» Goal of the exercise
Keep the images out and set the listing below down word for word.

» Provided data

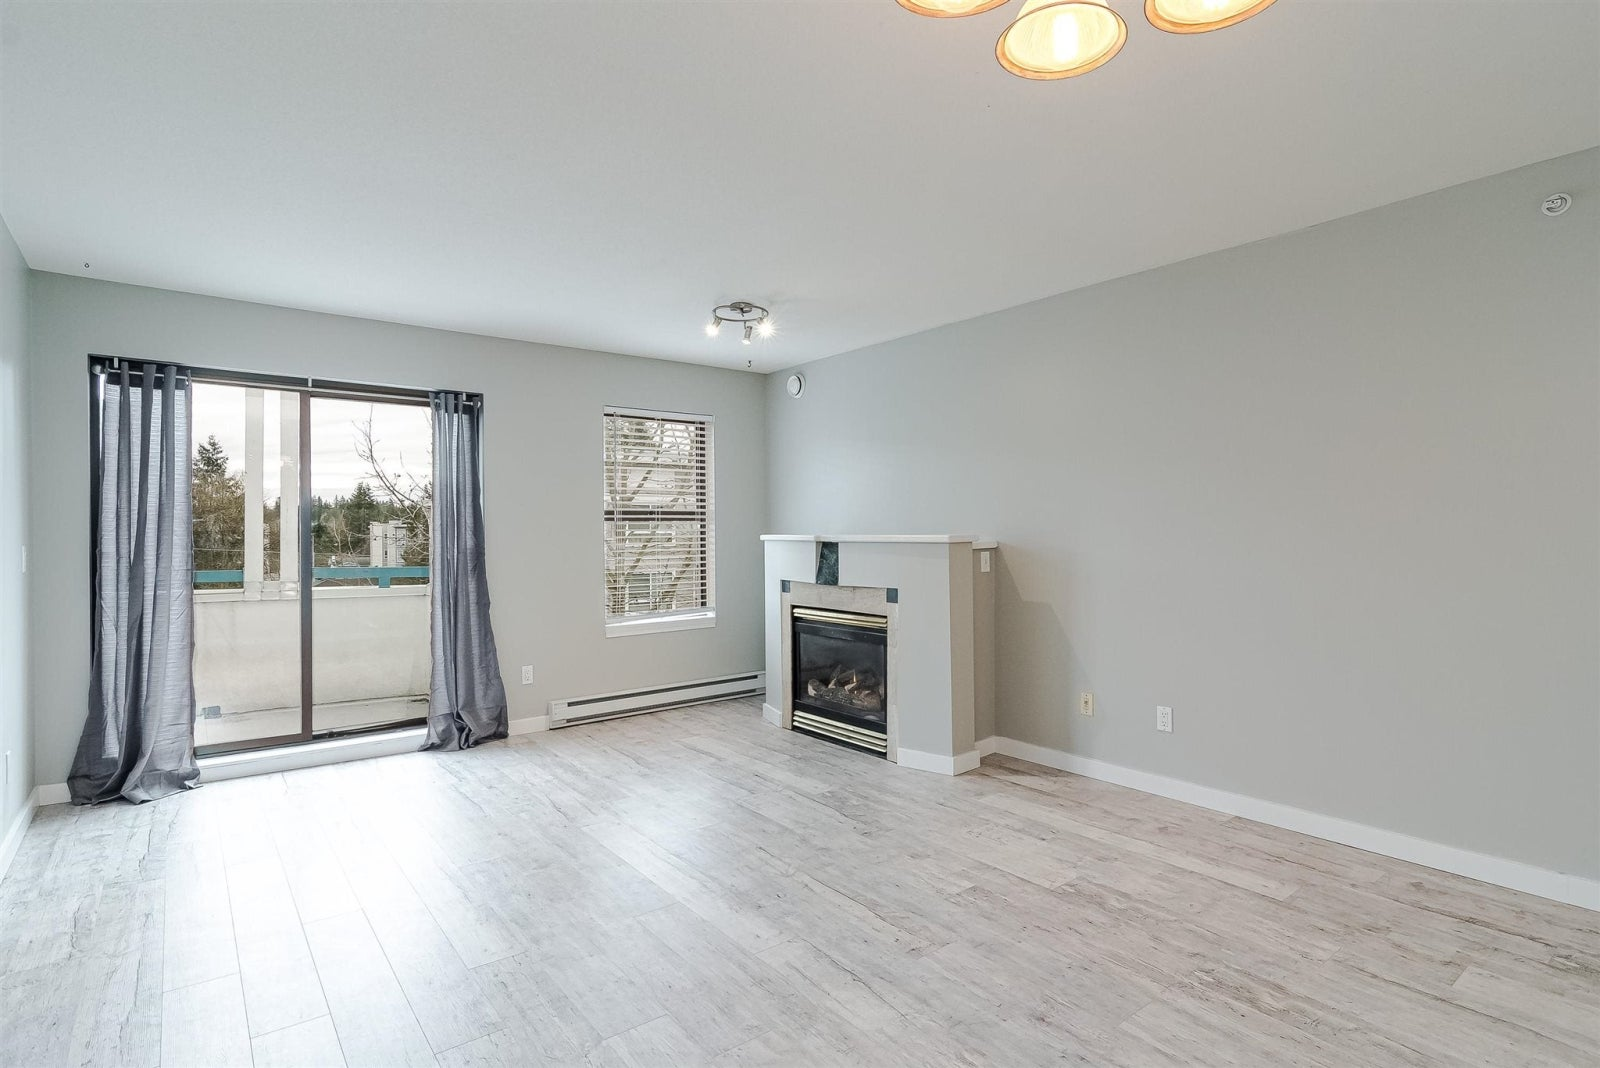 405 20268 54 AVENUE - Langley City Apartment/Condo for sale, 2 Bedrooms (R2604183) #8
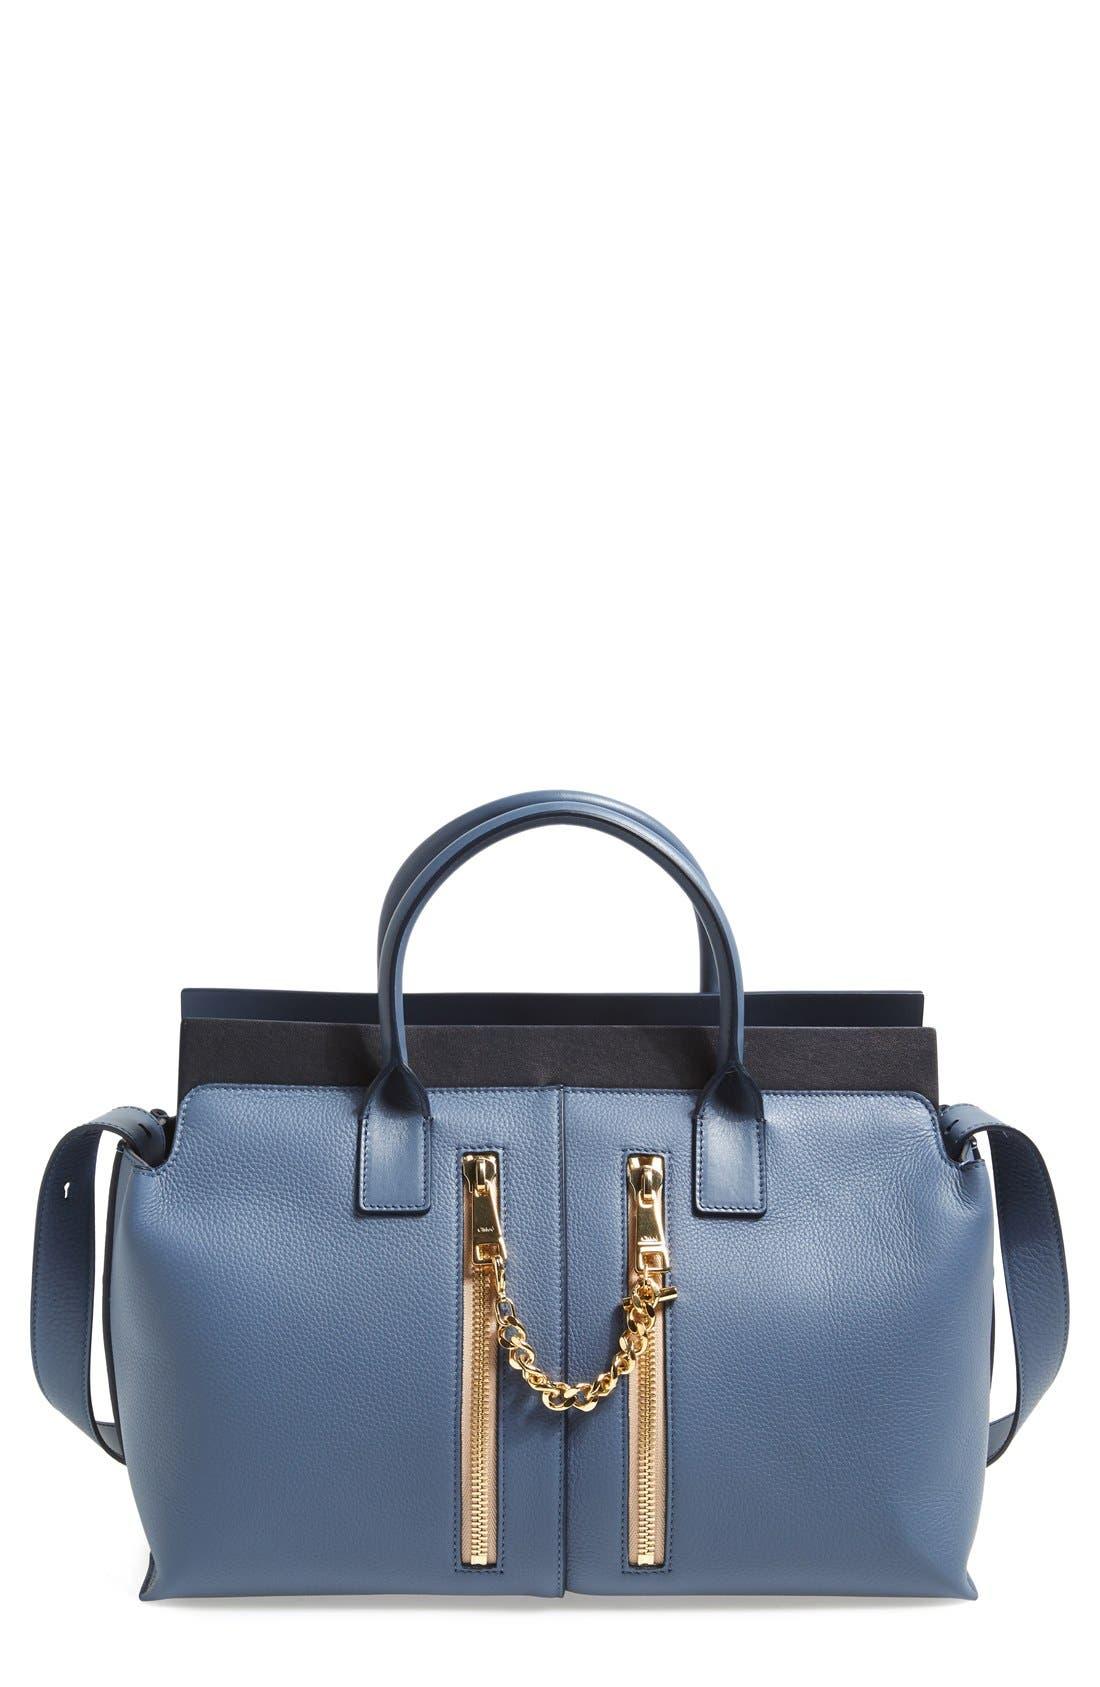 Main Image - Chloé 'Cate - Medium' Leather Satchel
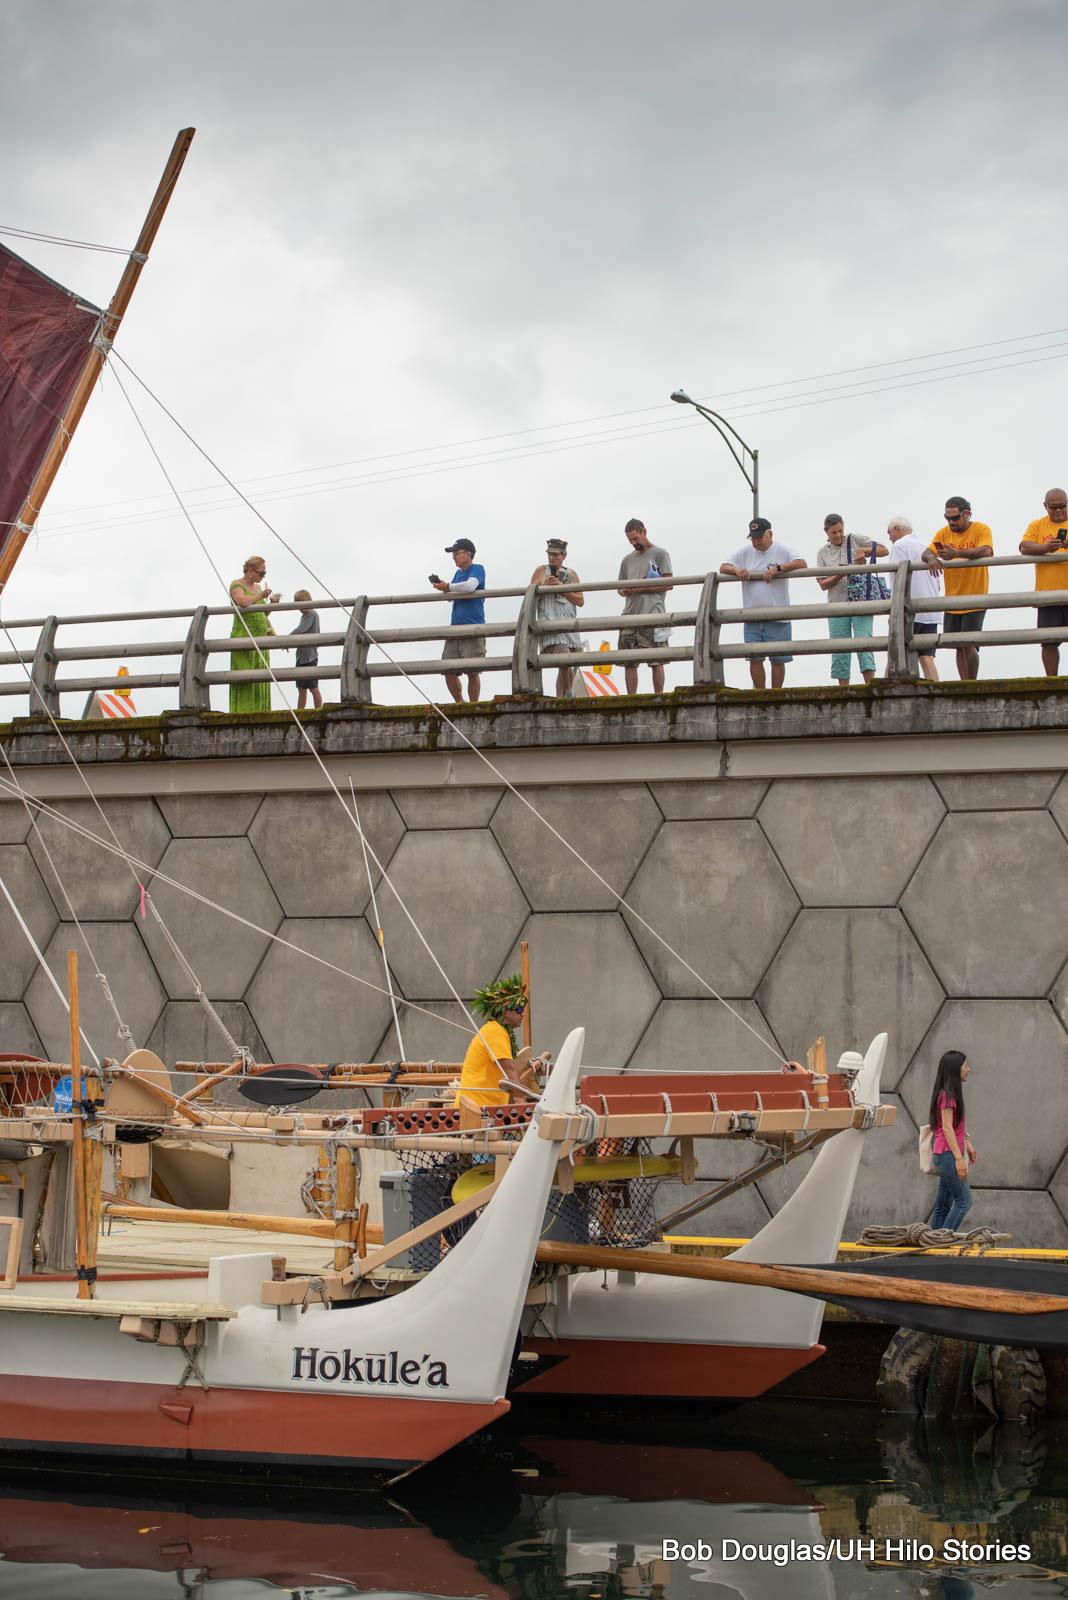 Hokulea docked near bridge, people up on bridge looking down on canoe.
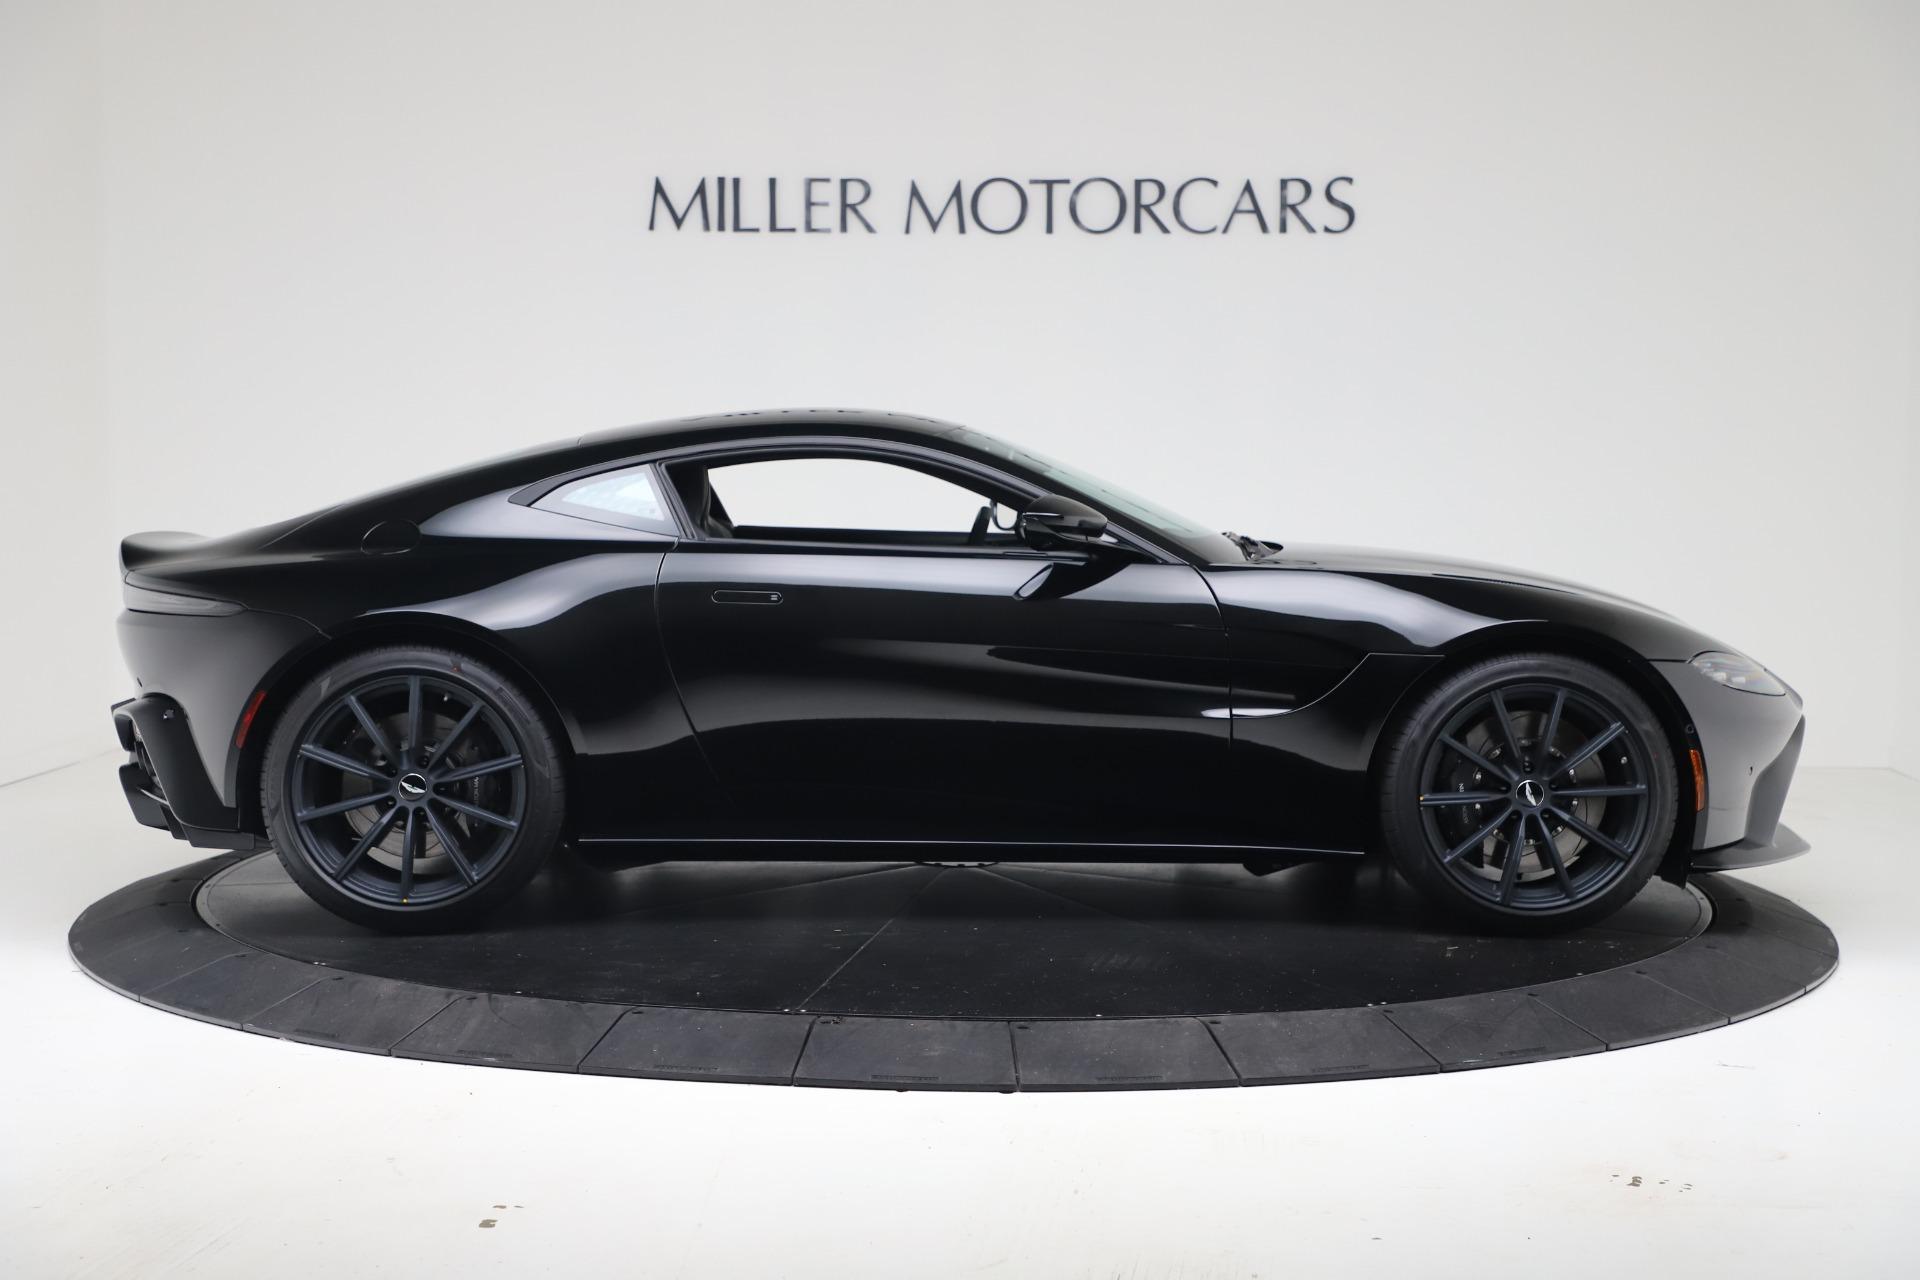 New 2020 Aston Martin Vantage V8 For Sale In Westport, CT 3547_p6

» Written answer
 405 20268 54 AVENUE - Langley City Apartment/Condo for sale, 2 Bedrooms (R2604183) #8
 Main Image - Chloé 'Cate - Medium' Leather Satchel
 Hokulea docked near bridge, people up on bridge looking down on canoe.
 New 2020 Aston Martin Vantage V8 For Sale In Westport, CT 3547_p6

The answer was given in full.